President Obama’s recent proposal to pay tuition of many community college students thrusts the cost of college front and center again. It’s a popular topic as college acceptances draw attention nationwide, followed by the topic of how to pay for them.
Research reveals that Catholic colleges boast they keep costs down when they use student loans prudently. One reason is that graduates of Catholic colleges are more likely to complete a four-year degree in four years. Michael Galligan-Stierle, head of the Association of Catholic Colleges and Universities, says that “A key factor here is the higher proportion of students at Catholic institutions who earn their degree in just four years (45 percent vs. just 21 percent at public universities), saving an enormous amount of money in tuition and living cost. In fact,” he writes looking at one survey, “our four-year graduation rate beat the public college sector’s six-year graduation rate,” that stands at 40 percent.
With concern for college loans on the increase, some moral questions arise. What is a reasonable loan burden for a graduate to carry? Research shows that the average loan burden upon graduation is $26,000 and on the increase. Loans can reach into the six-figures. A burden of $150,000 for a loan for Harvard Law School might be reasonable if the Harvard law degree guarantees a $160,000 law salary. However, most law degrees will not guarantee such a salary upon graduation. This suggests that college advisers have a moral obligation to talk facts with would-be borrowers so they know how long it will take to pay back loans (a good average is ten years).
Overall, colleges also might consider ways to cut costs, which obviously stand as a way to lower debt. This includes more emphasis overall on two-year, community colleges, which cost less; living off campus, even at home instead of in a college dorm; cutting frills in college programs (even food platters at faculty meetings if they affect tuition costs, suggests Patricia McGuire, president of Trinity Washington University.)
College loans even effect vocation recruitment. There is an increase in the age of men and women entering religious orders. Few now enter religious orders right after high school. Orders that already stand financially strapped cannot afford to assume aspirants’ college loans when they accept them as members. The average priest ordained last year carried just over $20,000 in educational debt. For those who professed perpetual vows in religious life last year, the average amount of educational debt was just over $15,000. Some Catholic philanthropies, such as the Knights of Columbus, seek creative responses to make it easier for aspirants to pursue religious vocations.
Money is not the only thing to consider in decision-making.
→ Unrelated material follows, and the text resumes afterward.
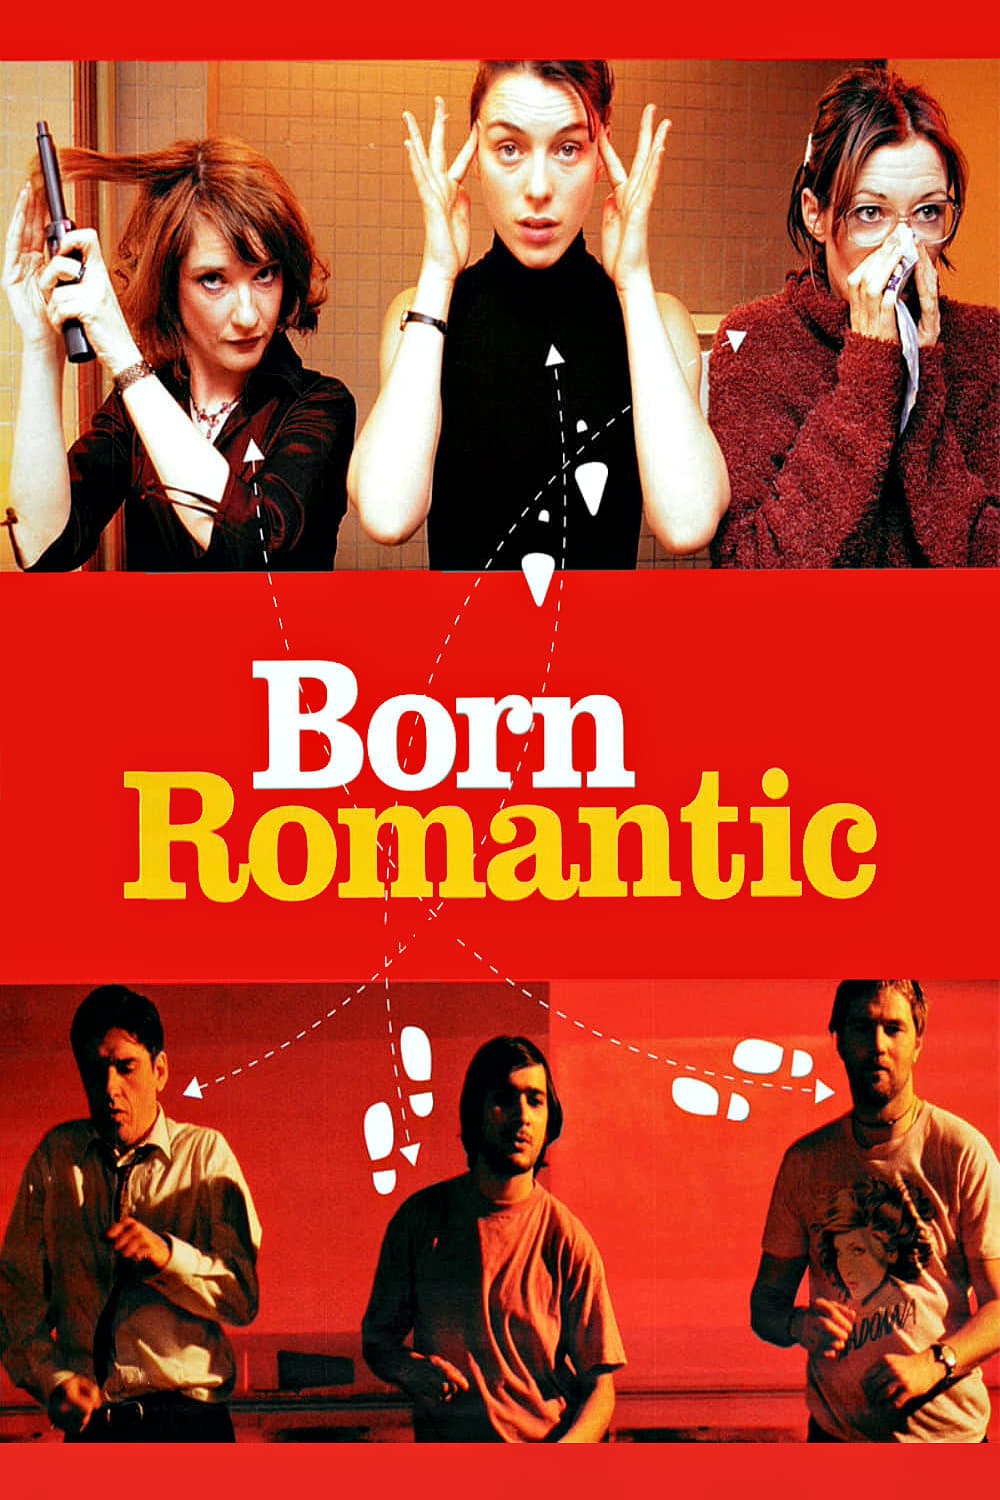 Born Romantic (2000)

Certainly where a student goes to school can (but does not guarantee) influence over choice of a marriage partner and friends who live in line with particular religious and social beliefs.
And sometimes high tuition is worth it. Some noble, low-income fields, including education and social services, need well-qualified staff, and that may mean high tuition.
But students (like their parents) still need guidance on not spending beyond their means. Recruiters need to draw as many students as possible, of course, but the important moral question of how much tuition debt is justified cannot be dismissed by Catholic colleges, especially by their admissions and financial aid counselors.